January 30, 2015
BRUNSWICK, ME – Today, U.S. Senator Angus King (I-Maine) praised a recently announced set of proposals from the Consumer Financial Protection Bureau (CFPB) that would ease mortgage rules for community banks and credit unions. The proposals would make it easier for small banks and credit unions to offer home loans in rural areas. This provision is similar to one included in the RELIEVE Act, a bill that King introduced last Congress with a bipartisan group of his Senate colleagues.
“While they did not cause the financial crisis of 2008, our small banks and credit unions have been unfairly constrained by regulations designed to reign in the big banks that did,” said Senator King. “The CFBP’s proposal will go a long way towards relieving Maine’s community institutions from regulatory constraints – and will allow them to continue to support growth in our local communities.”

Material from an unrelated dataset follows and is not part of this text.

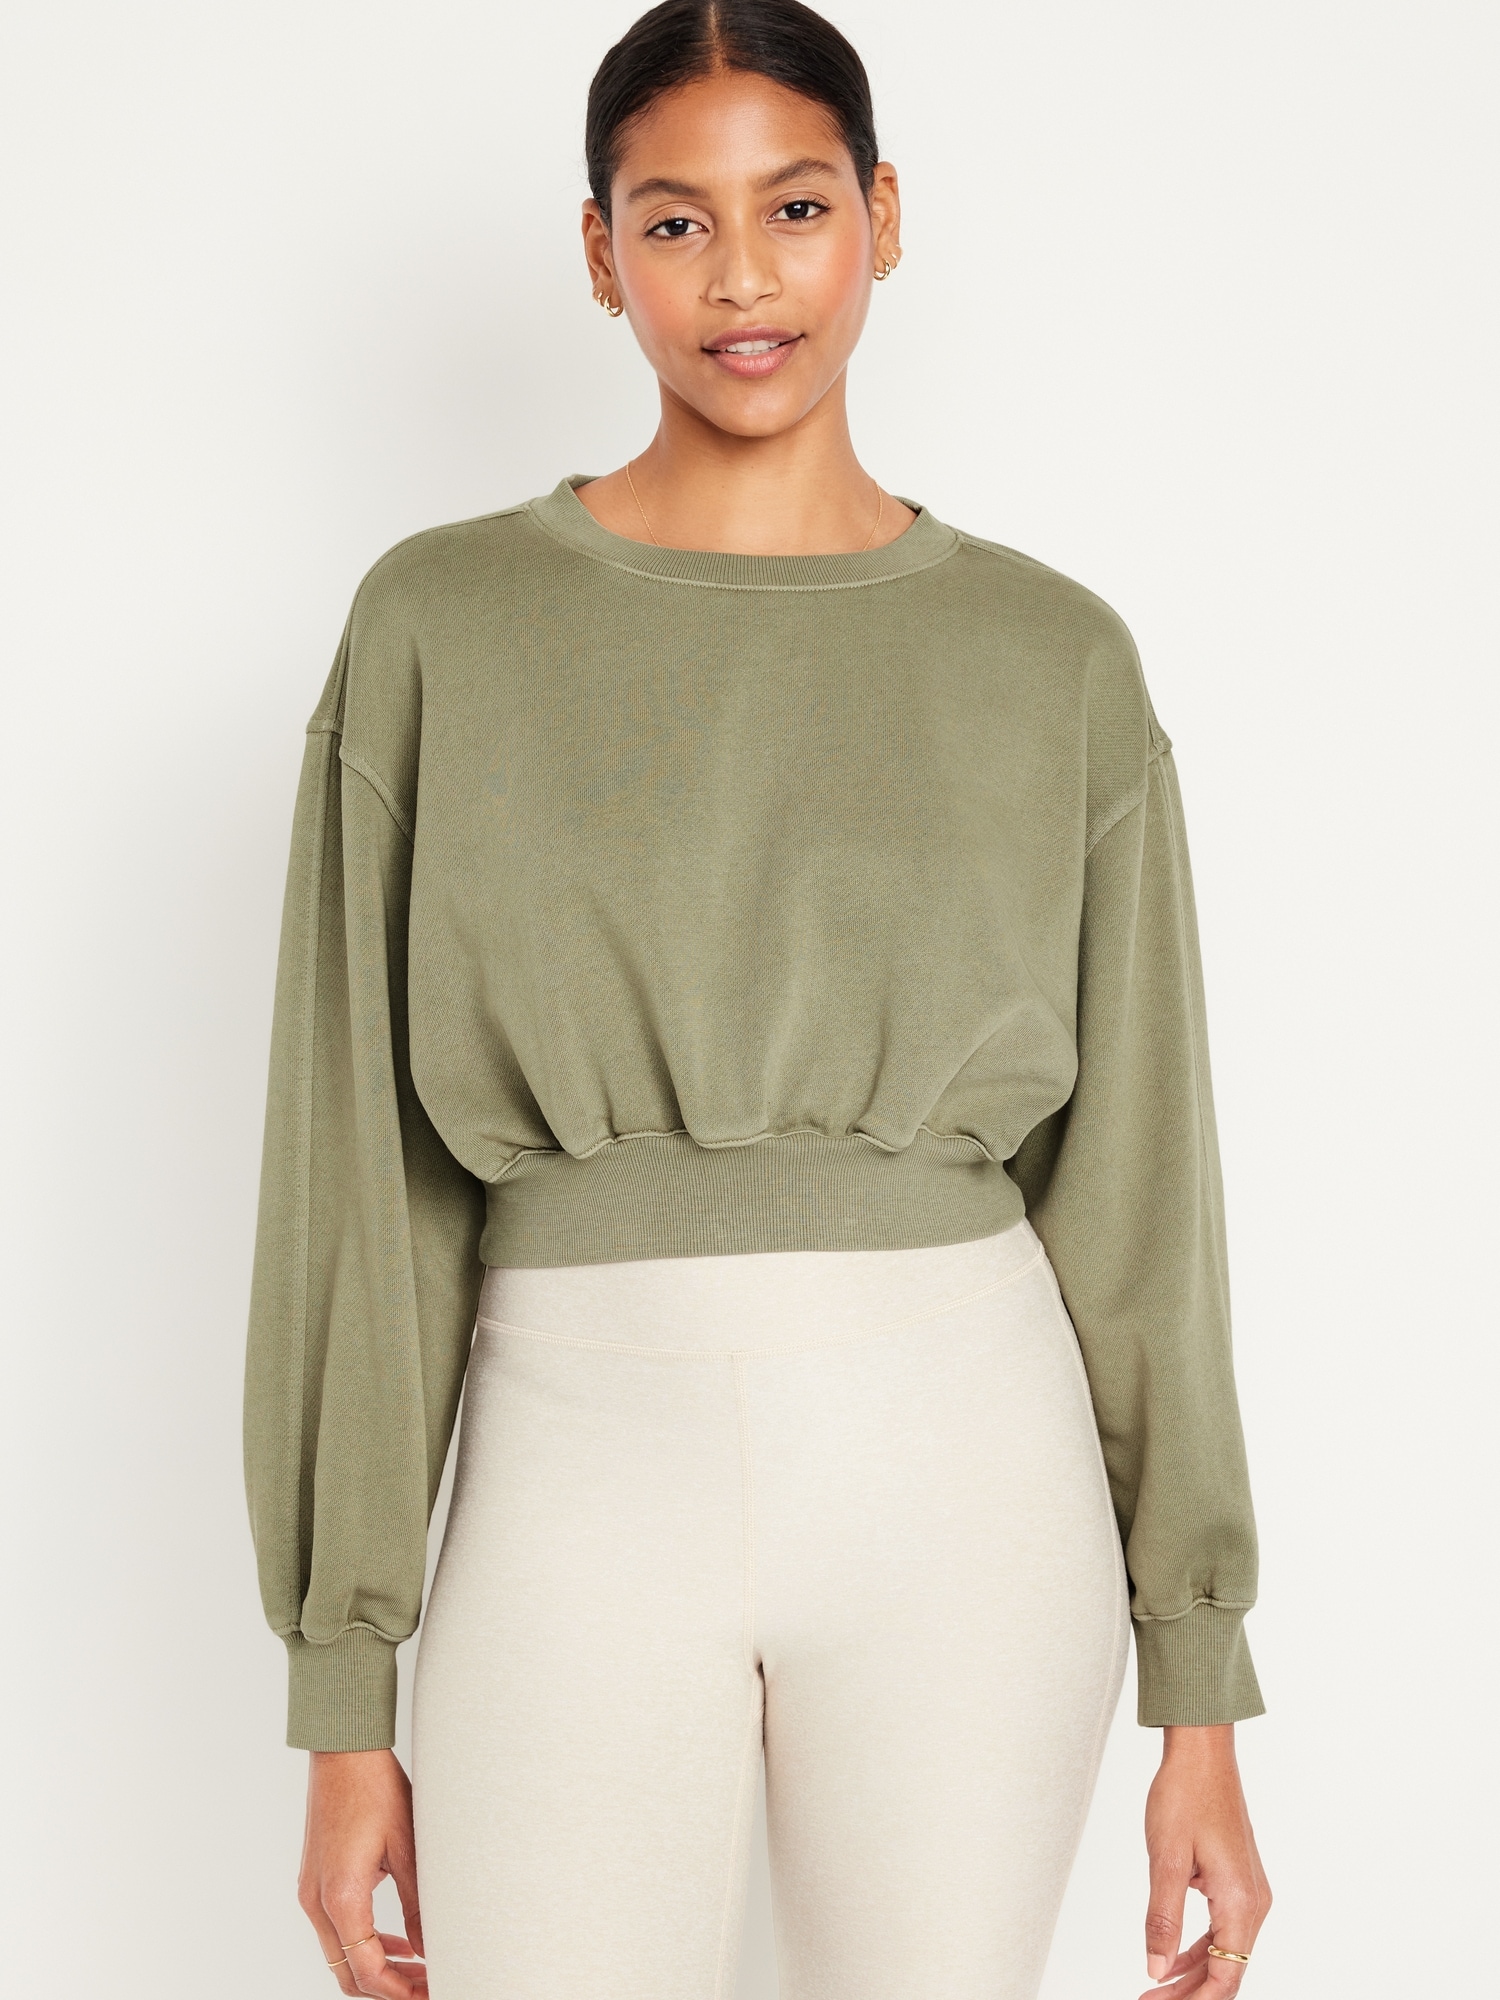 Women's Pullover Cropped Sweatshirt Crew Neck Long Sleeve Fleece Crop Tops  A0882 Beige#Medium at  Women's Clothing store

Like the RELIEVE Act, a bipartisan bill King introduced in the Senate with Deb Fischer (R-Neb.), Mark Warner (D-Va.), and Jon Tester (D-Mont.), the CFPB’s proposed changes deal with Qualified Mortgages (QM) – which are loans that the borrower will likely be able to repay, and that protect the lender from future lawsuits should the borrower default. Under the current QM rule, which has been in place for a year, small lenders deemed “rural” can exceed certain limits, such as those on a borrower’s debt limit, and still maintain QM status. This exception provides small banks and credit unions flexibility to support local borrowers who may not fit inside a regulatory box. However, the agency’s current definition of “rural” is problematic – the Independent Community Bankers of America (ICBA) estimates that only half of all rural banks actually qualify for the rural exemption, leading to restricted lending in these communities.
The CFPB proposed change to the “rural” definition is similar to a provision in the RELIEVE Act, which would expand the definition of “rural” and increase the number of loans that these lenders are allowed to originate each year in order to qualify for the Qualified Mortgage exemption. The CFPB will be taking comments on its proposal until March 30, 2015.
Improving the definition of “rural” as it relates to qualified mortgages has been part of King’s larger effort to provide regulatory relief to America’s small financial institutions. Two other provisions from the RELIEVE Act introduced separately by King and Warner were passed unanimously in the Senate and signed into law by the President in December 2014. Those two provisions create insurance coverage parity between certain bank and credit union accounts and make it easier for bank holding companies and savings and loan holding companies to issue debt and use the proceeds to support the capital levels at the subsidiary bank, thereby allowing the bank to lend more to the communities they serve.